I like them alot better then my stock mirrors. Once I lowered my car and put nice wheels on it, took the pin stripe off it looked really clean and sleek...except the mirrors still looked big and bulky to me, they were also faded and old, so the m3 mirrors just look cleaner in my opinion. I also like the blue tinted glass, just looks cleaner.

IMO they were a good way to spend 40 bux.


----------



## danifilth (May 14, 2003)

i grinded down mine with a Dremel but I think I need to go lower with them Its just a pain removing my door trim everytime.As for the wiring you have to snip your original harness off and connect the new one.I dont know why they didnt make it simpler.


----------



## toolapcfan (Jul 10, 2002)

I'd use a drill bit to port the holes. As far as the wiring for the power mirriors, I'm going to get harnesses off of a junkyard car and solder in the M3 wiring so I can put OEM mirrors back on if I have to without messing with the wiring. I'm going to use 3M wire taps to get the lights wired up to the OEM wiring.


----------



## NIZMO808SER (Apr 14, 2003)

Do you have the link where you guys bought the M3 mirrors that control the power mirrors and led lights?

I bought mines also on e-bay but it they said that the mirrors are adjusted manually and cannot be connected to my power mirror switch. I also need instructions on how to put the "blue" LED or signal lights on. 

Over all I think the M3 mirrors I bought is okay but should have been better if I can at least use my power mirror switch to adjust my mirrors.


----------



## xt_out (Jun 23, 2003)

they do make power mirror versions though? i wouldn't even consider buying manual ones and having an empty control knob in my car. that's just not right. im very interested though if they do have the power mirror ones, which it sound like they do.


----------



## microsweper (Jun 30, 2003)

*M3 Mirros*

yes they do have the power m3 mirros do a search on ebay for them they have the manuel ones for like around 50 bucks or less and the power ones for around 60, i still cant decide if i want some or not! how hard is the modifications for the install on a scale of 1 to 10? thanks


----------



## Slayer2003 (Jun 4, 2003)

....for the 95-99 sentra all i could find for power M3's were the blue LED turn sig ones........anyone know of somewhere i can get the normal amber LED?


----------



## xt_out (Jun 23, 2003)

i think i found some, they have carbon fiber too!!!!!
eeehhhheheheh
right here has everything. kind of expensive though
http://www.888erebuni.com/accesscustom/niss200sx95.htm

has amber/blue leds also


----------



## Slayer2003 (Jun 4, 2003)

oooooooooh, so, they have both the blue AND the abmer in the same mirror............wonder if the ones on ebay are the same then? looks like the same model anyway......i'll have to email some people. thanks xt


----------



## G2-0-0SX (Feb 22, 2003)

I dunno if u guys noticed on my pic, but the mounts on my mirrors stuck out cuz its "universal" but I just got done working on one of them. I took it off and dremmeled the lil cylinders that the screws go into about 1/2 inch off, and then i dremmeled the top edge of the mount about 1/2 inch down, some trial and error, and a lil smoothing, and my passengers side mirror now sits perfectly flush with the corner of the window. Before I did it I marked off the spot were the "universal" mount hangs over the spot that you put it, and I only dremmed down the part of the edge that is actually touching the mounting spot, so the other part still hung over and covered the back of my mounting spot.

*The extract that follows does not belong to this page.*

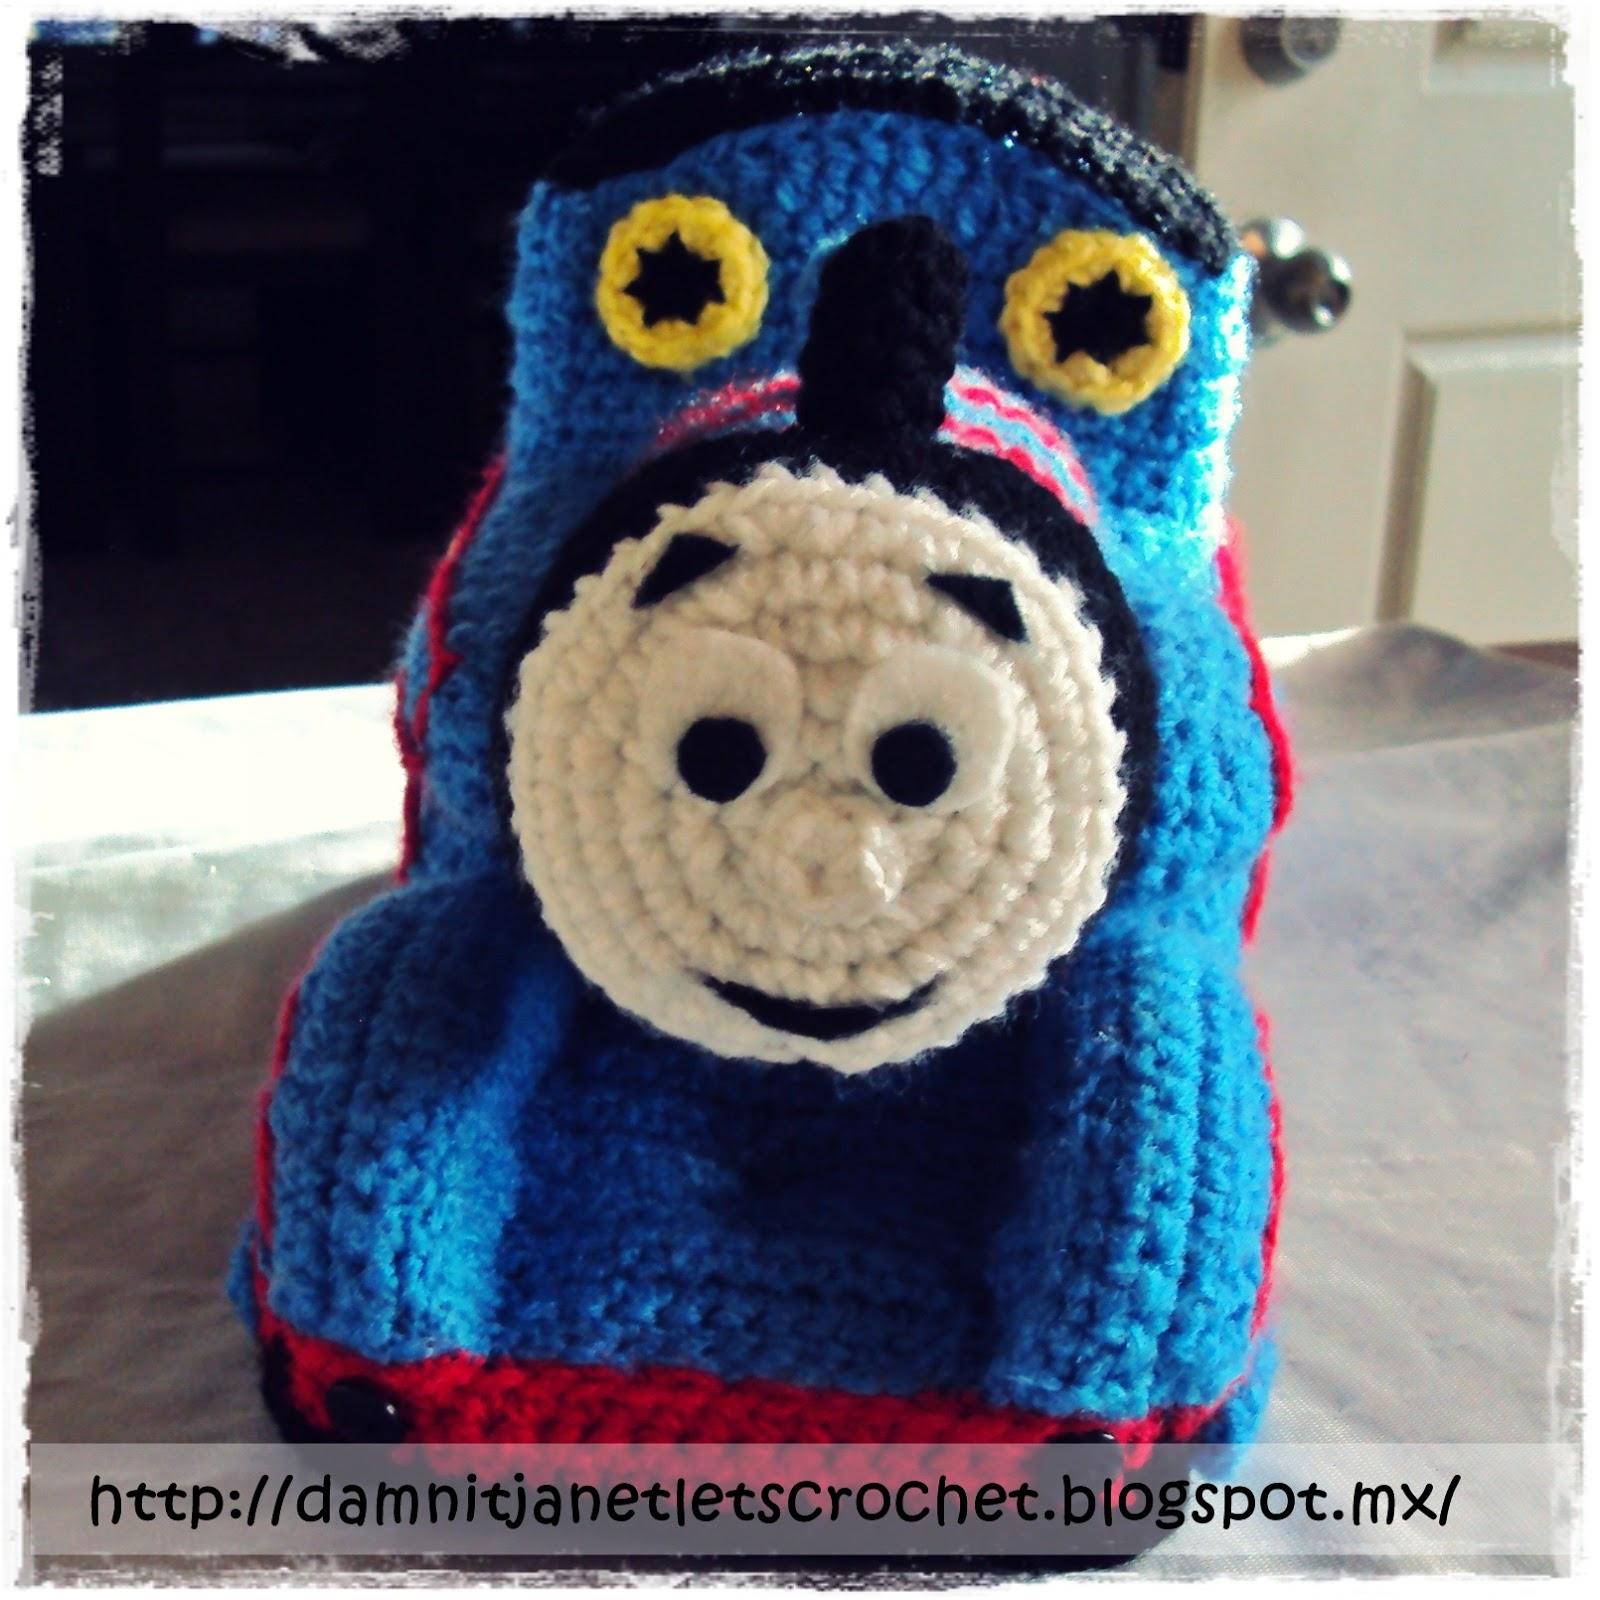 Free Crochet Hat Pattern For Thomas The Train : damn it Janet, lets crochet!: Thomas beanie and amigurumi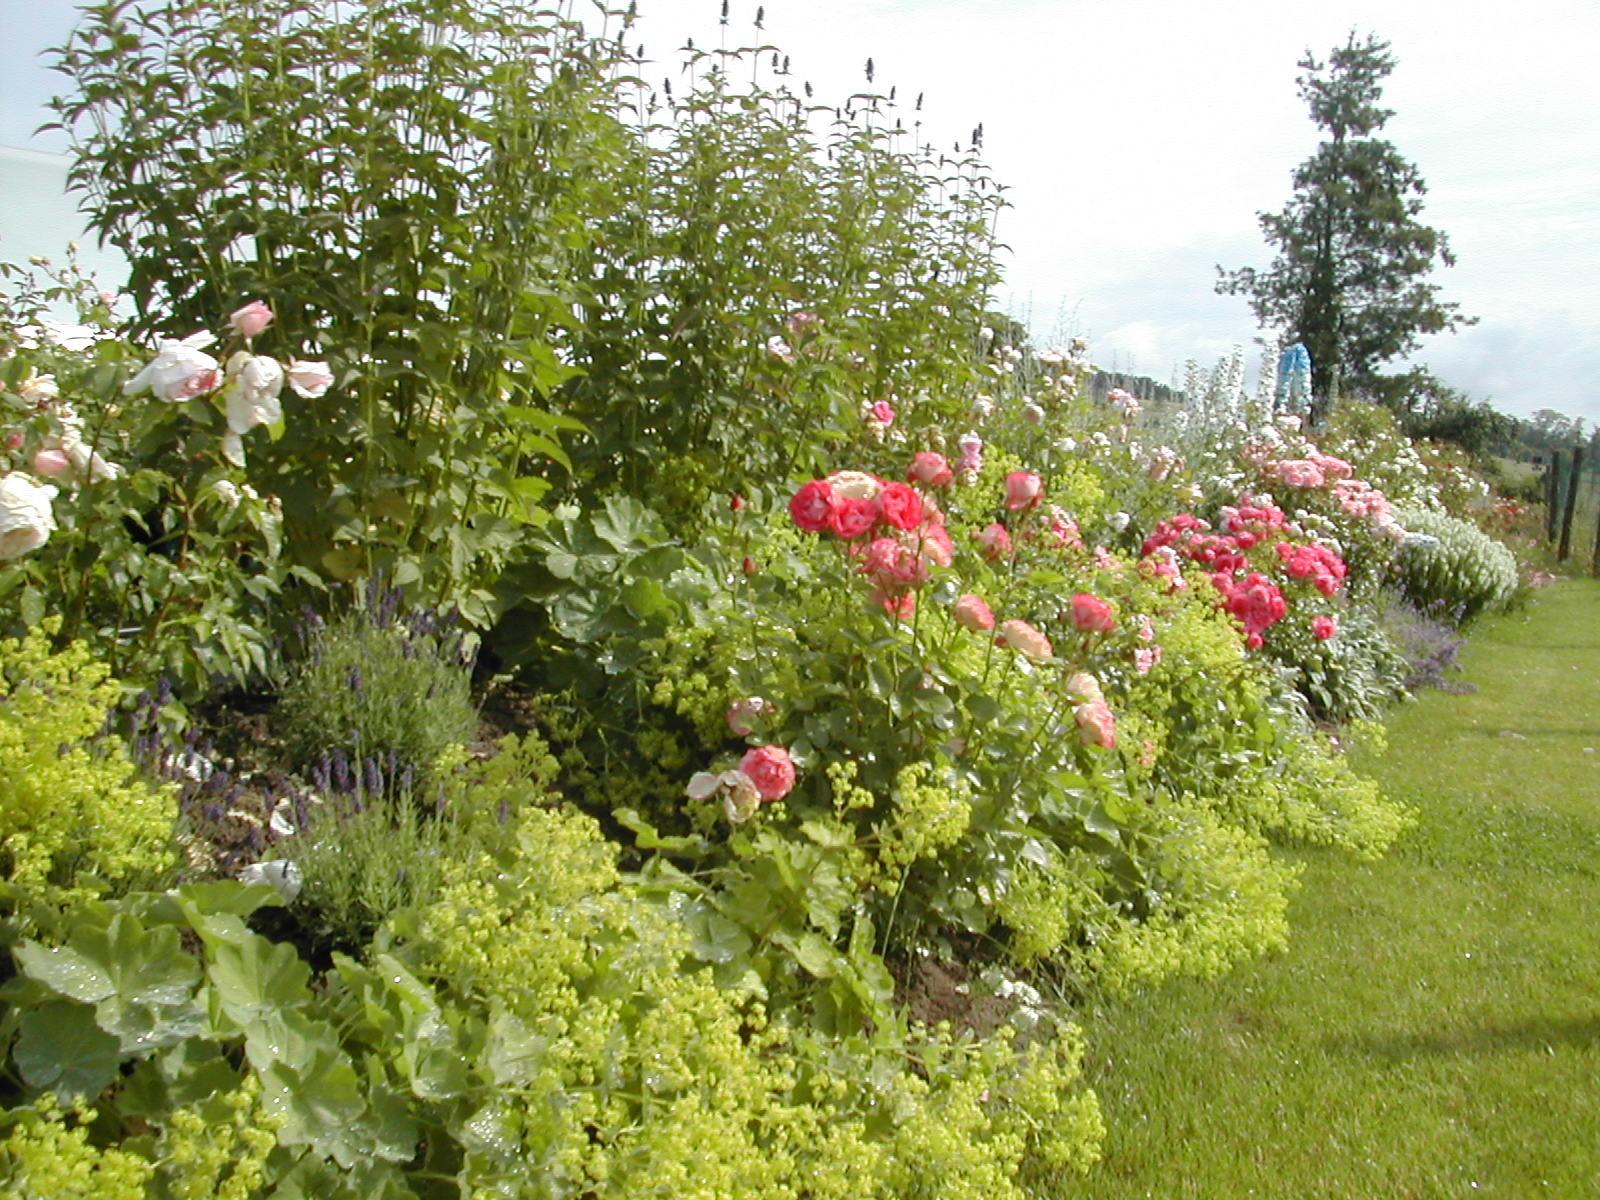 Blick auf die große Rosenrabatte

Its really hard to explain, I'll post pics tommorow.


----------



## xt_out (Jun 23, 2003)

damn, they should make b-14 specific models  i HATE "universal" with a passion. usually that kinda shit fits nicely on a civic or your common (rice) car and needs modification to the less common.
don't even get me started on universal shift boot applications. can they possibly look any worse? maybe with the rubber acordian, but still!!!!! i want these mirrors. c/f's the shiznit!


----------